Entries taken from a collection
____________________

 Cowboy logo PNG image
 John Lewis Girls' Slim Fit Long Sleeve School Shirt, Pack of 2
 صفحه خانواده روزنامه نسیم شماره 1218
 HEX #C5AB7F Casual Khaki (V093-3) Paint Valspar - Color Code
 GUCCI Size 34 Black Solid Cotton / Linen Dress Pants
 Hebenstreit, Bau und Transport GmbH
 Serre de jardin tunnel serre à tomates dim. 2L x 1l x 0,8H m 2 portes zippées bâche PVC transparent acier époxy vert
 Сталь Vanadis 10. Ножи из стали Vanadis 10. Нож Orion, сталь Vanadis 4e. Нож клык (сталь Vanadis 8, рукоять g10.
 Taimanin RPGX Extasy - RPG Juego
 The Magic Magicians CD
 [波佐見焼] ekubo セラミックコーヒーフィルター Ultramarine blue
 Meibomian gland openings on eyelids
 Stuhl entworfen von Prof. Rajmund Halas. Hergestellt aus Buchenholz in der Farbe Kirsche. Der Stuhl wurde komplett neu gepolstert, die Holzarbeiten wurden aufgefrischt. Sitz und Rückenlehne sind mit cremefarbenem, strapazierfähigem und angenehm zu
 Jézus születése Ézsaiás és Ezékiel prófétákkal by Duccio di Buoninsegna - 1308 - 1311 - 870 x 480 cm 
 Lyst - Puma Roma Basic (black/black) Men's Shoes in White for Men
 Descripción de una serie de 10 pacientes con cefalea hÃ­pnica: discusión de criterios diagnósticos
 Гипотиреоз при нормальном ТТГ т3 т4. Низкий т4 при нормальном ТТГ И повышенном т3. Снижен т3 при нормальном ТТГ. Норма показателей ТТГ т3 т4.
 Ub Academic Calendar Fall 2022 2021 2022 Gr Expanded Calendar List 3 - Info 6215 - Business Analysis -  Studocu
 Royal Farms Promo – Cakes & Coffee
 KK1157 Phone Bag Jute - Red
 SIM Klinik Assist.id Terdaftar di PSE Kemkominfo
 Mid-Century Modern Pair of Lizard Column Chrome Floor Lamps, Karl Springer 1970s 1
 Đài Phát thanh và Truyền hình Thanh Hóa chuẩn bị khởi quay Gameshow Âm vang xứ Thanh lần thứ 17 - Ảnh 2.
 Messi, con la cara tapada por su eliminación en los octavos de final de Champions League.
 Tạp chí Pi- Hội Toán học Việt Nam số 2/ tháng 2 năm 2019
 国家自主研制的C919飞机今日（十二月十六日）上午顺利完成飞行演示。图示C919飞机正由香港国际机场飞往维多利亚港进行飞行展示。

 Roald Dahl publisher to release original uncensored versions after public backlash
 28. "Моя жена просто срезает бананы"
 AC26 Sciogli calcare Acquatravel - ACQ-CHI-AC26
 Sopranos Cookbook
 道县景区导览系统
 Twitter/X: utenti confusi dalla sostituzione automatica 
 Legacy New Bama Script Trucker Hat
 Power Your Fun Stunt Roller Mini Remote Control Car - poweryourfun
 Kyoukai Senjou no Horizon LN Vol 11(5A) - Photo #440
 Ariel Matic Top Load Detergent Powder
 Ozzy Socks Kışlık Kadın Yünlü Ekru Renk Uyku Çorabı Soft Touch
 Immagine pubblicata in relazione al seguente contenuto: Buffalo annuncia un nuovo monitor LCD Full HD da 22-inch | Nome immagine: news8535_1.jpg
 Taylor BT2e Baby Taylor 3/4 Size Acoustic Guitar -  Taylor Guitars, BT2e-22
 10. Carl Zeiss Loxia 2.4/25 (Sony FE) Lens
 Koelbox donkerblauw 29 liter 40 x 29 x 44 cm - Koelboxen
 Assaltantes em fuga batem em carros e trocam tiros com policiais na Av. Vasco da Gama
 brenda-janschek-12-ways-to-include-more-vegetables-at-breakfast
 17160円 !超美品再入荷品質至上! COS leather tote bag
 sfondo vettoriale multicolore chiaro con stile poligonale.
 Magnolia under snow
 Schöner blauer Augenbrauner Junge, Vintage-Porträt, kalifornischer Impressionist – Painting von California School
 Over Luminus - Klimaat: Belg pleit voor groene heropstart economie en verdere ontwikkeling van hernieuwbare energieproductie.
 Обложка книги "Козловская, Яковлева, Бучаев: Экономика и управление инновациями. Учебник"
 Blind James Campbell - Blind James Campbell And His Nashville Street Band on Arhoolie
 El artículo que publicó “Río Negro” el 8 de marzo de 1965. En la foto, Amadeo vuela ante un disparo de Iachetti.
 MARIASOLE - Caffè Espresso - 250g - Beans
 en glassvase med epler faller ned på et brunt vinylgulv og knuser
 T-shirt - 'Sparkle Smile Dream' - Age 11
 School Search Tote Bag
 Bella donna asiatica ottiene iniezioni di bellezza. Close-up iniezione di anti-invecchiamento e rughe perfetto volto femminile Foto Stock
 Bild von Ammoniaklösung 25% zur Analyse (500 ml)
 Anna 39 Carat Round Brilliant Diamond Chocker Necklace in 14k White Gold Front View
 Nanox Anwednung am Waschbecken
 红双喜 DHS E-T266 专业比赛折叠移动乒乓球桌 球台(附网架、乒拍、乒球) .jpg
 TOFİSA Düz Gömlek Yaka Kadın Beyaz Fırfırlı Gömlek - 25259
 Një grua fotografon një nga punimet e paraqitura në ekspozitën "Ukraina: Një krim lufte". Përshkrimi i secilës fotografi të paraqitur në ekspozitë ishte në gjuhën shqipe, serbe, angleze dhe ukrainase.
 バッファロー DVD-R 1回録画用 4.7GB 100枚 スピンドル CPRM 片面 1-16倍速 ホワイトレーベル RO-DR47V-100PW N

____________________

## Task to carry out
Begin at the first line of the records above and restate each line word for word, stopping after the line with "Stuhl entworfen von".

## Written response
 Cowboy logo PNG image
 John Lewis Girls' Slim Fit Long Sleeve School Shirt, Pack of 2
 صفحه خانواده روزنامه نسیم شماره 1218
 HEX #C5AB7F Casual Khaki (V093-3) Paint Valspar - Color Code
 GUCCI Size 34 Black Solid Cotton / Linen Dress Pants
 Hebenstreit, Bau und Transport GmbH
 Serre de jardin tunnel serre à tomates dim. 2L x 1l x 0,8H m 2 portes zippées bâche PVC transparent acier époxy vert
 Сталь Vanadis 10. Ножи из стали Vanadis 10. Нож Orion, сталь Vanadis 4e. Нож клык (сталь Vanadis 8, рукоять g10.
 Taimanin RPGX Extasy - RPG Juego
 The Magic Magicians CD
 [波佐見焼] ekubo セラミックコーヒーフィルター Ultramarine blue
 Meibomian gland openings on eyelids
 Stuhl entworfen von Prof. Rajmund Halas. Hergestellt aus Buchenholz in der Farbe Kirsche. Der Stuhl wurde komplett neu gepolstert, die Holzarbeiten wurden aufgefrischt. Sitz und Rückenlehne sind mit cremefarbenem, strapazierfähigem und angenehm zu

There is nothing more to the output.